# Gotta Love Verizon



## ESPinc (Jul 18, 2009)

Can not begin to tell ya how many of these we see and repair. This is from today in the city of New Port Richey, the owner said mine as well replace the whole sewer while we are there. Talked to the city and will pull permit Monday but I was authorized to go ahead and install. The main guy from the city told me they were just down the road celebrating founders day, I told him I found him something here, this is what the day is for right!!





































Sorry for the crappy phone shots, I'm being to see why my verizon service is $$$


----------



## 422 plumber (Jul 31, 2008)

Nice, was that fiber optic cables?


----------



## ESPinc (Jul 18, 2009)

Yes, those are their FIOS lines.. I told the Verizon guy that showed up I was thinking of just cutting out of the way with the sawsall:laughing:


----------



## user4 (Jun 12, 2008)

ESPinc said:


> Yes, those are their FIOS lines.. I told the Verizon guy that showed up I was thinking of just cutting out of the way with the sawsall:laughing:


It looks like three 36 strand fiber cables, that would be about a $30,000.00 repair if not more.


----------



## stillaround (Mar 11, 2009)

I dont like them--especially shallow. You cant chance anything without a locate and they will still try and hang you if the locate is not complete--like a repair loop that isnt marked.
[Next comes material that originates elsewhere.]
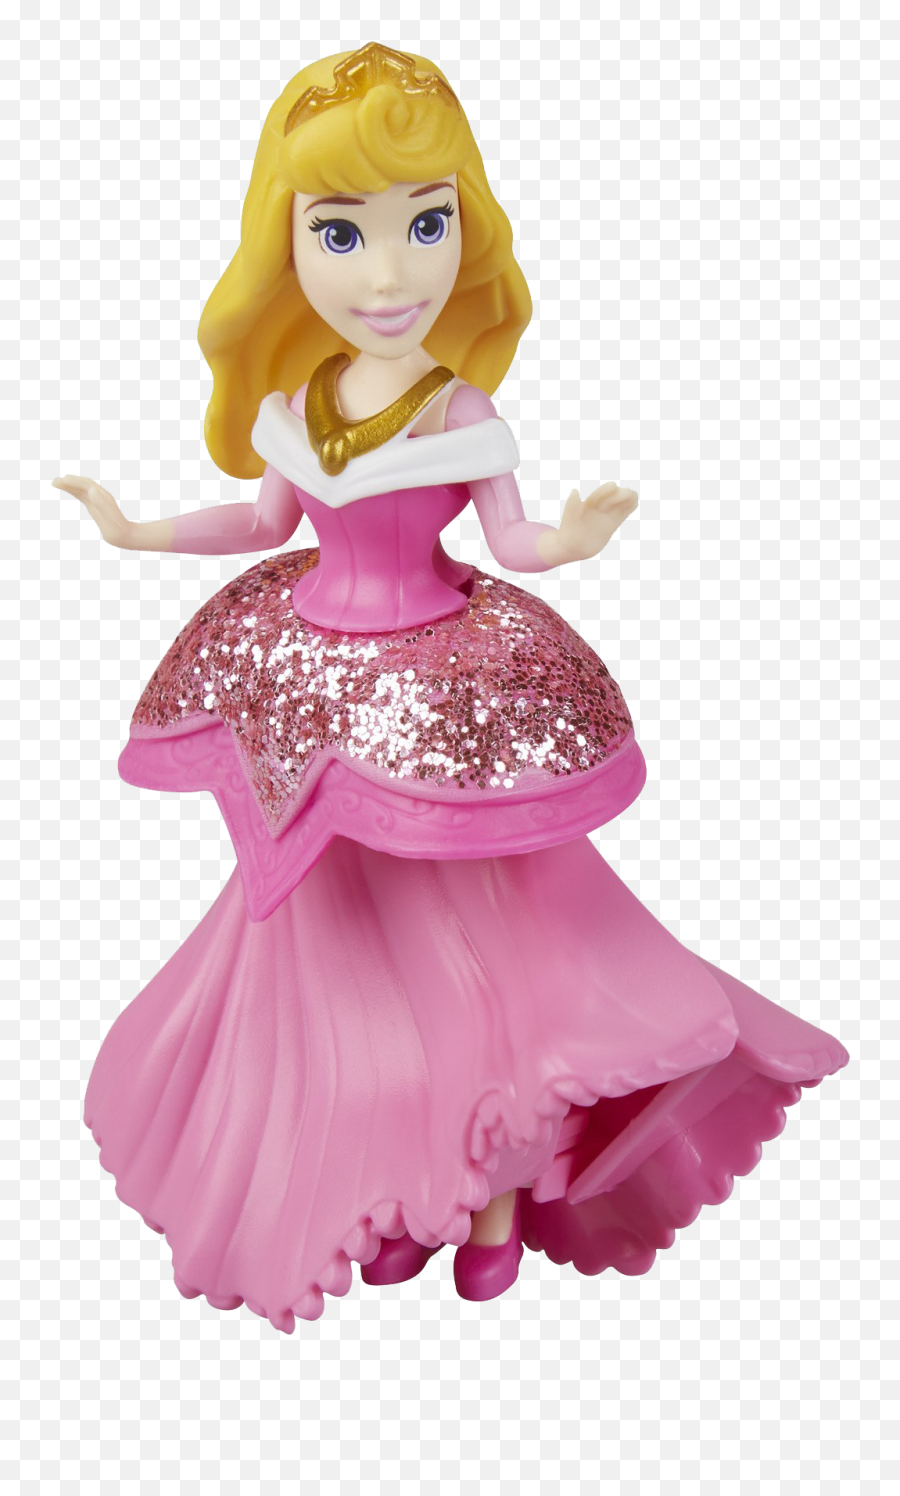 Princess Aurora Dress Png Image Arts - Princess Aurora,Aurora Png

The only ones that get my sewers are the cable companies.


----------



## DUNBAR PLUMBING (Sep 11, 2008)

The contractor who came from out of state to run sewer laterals on 2 miles of road years ago did two really bad things:



Didn't have a rock clause,

Didn't have a buried utility clause, 

Didn't make money but spent money to finish the job. 
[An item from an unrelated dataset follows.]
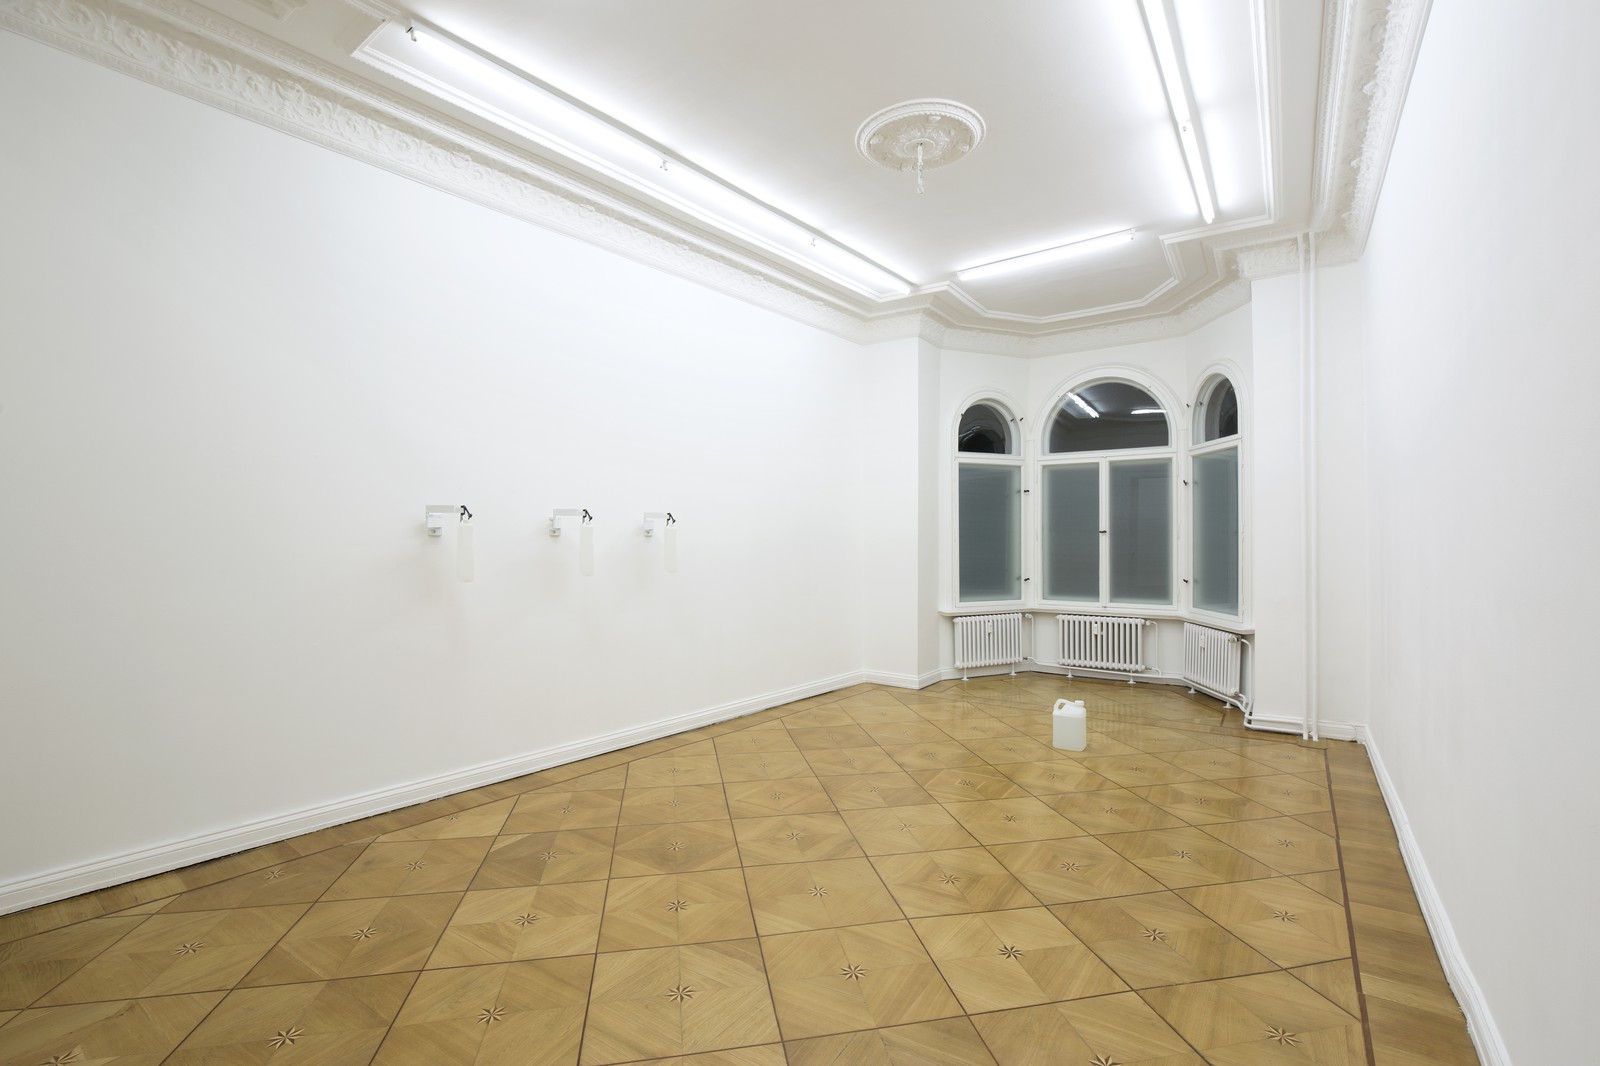 Installation view, Deformulation, Société, Berlin, 2015

18' deep in some spots, had to expose fiber optic cables and support them while they jack hammered out bedrock to get the sewer laterals in. 


Only guys that made money were the employees.


----------



## Protech (Sep 22, 2008)

How exactly do you know how many strands are there? Those are polyethylene conduits. They can contain any number of fibers inside or just plan old copper conductors. I have one of those in my front yard that only contains one single fiber and it goes to my house.



Killertoiletspider said:


> It looks like three 36 strand fiber cables, that would be about a $30,000.00 repair if not more.


----------



## user4 (Jun 12, 2008)

Protech said:


> How exactly do you know how many strands are there? Those are polyethylene conduits. They can contain any number of fibers inside or just plan old copper conductors. I have one of those in my front yard that only contains one single fiber and it goes to my house.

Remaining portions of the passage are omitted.